Questa guida è per chiunque si sia chiesto perché la propria digestione non sia ottimale nonostante un'alimentazione corretta. È per le persone che monitorano persistenti gonfiori, irregolarità intestinali o bassa energia e che vogliono più di una raccomandazione generica. È utile anche per chi ha provato probiotici o diete di eliminazione senza risultati chiari e sta cercando un punto di partenza basato sui dati.
Il test del microbioma è uno strumento informativo, non diagnostica una malattia. Tuttavia, può rivelare pattern come una bassa diversità microbica, livelli ridotti di specie produttrici di butirrato o una crescita eccessiva di alcuni microrganismi opportunisti. Questi risultati possono aiutare te e il tuo medico a formulare ipotesi migliori su ciò che potrebbe contribuire ai tuoi sintomi.
Usa questo articolo per costruire un quadro di comprensione della tua salute intestinale. Spiega cosa misurano i test del microbioma, perché la variabilità individuale è importante e come interpretare i risultati in modo responsabile. Se stai considerando un test del microbioma intestinale, queste informazioni ti aiuteranno a decidere se il test è in linea con i tuoi obiettivi di salute e cosa fare con i risultati una volta arrivati.
Gonfiore, gas, stitichezza e diarrea sono tra i disturbi più frequenti nelle cure primarie. Eppure molte persone passano attraverso cambiamenti dietetici, probiotici e rimedi da banco senza un sollievo duraturo. Il problema non è la mancanza di impegno, ma il fatto che i sintomi comuni si sovrappongono a molte condizioni e, senza dati oggettivi, identificare il vero innesco è in gran parte un'ipotesi.

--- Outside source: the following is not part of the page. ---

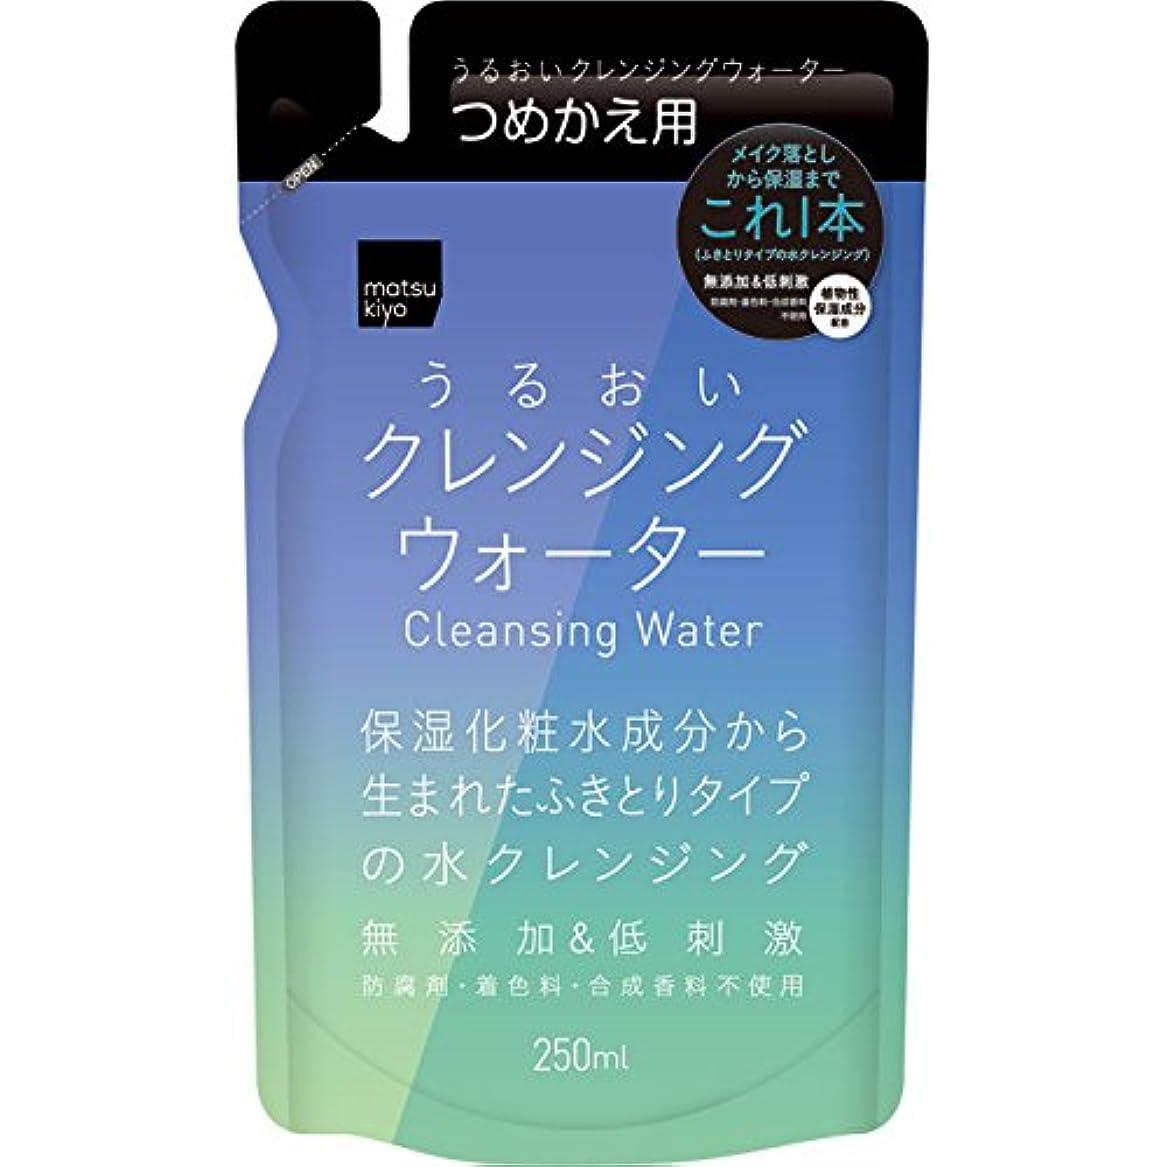 ミネラルチャンススキャンダラス熊野油脂 matsukiyo うるおいクレンジングウォーター 詰替 250ml詰替

Le diete di eliminazione possono essere utili, ma richiedono una stretta aderenza e diverse settimane per la valutazione. I probiotici sono spesso assunti senza sapere se il ceppo scelto è rilevante per le tue specifiche carenze microbiche. Il metodo per tentativi ed errori fai-da-te può portare a frustrazione, spese e talvolta a restrizioni alimentari non necessarie che riducono la varietà della dieta, potenzialmente dannosa per la diversità microbica.
Nessun microbioma è identico. La tua storia dietetica, l'esposizione a farmaci, i livelli di stress, i modelli di sonno e la genetica plasmano la tua comunità microbica. Un cibo fermentato che aiuta una persona può scatenare gonfiore in un'altra. Una fibra prebiotica che nutre i batteri benefici in un intestino può nutrire specie produttrici di gas nel tuo. Questa individualità è il motivo per cui l'approccio personalizzato spesso supera i consigli generici.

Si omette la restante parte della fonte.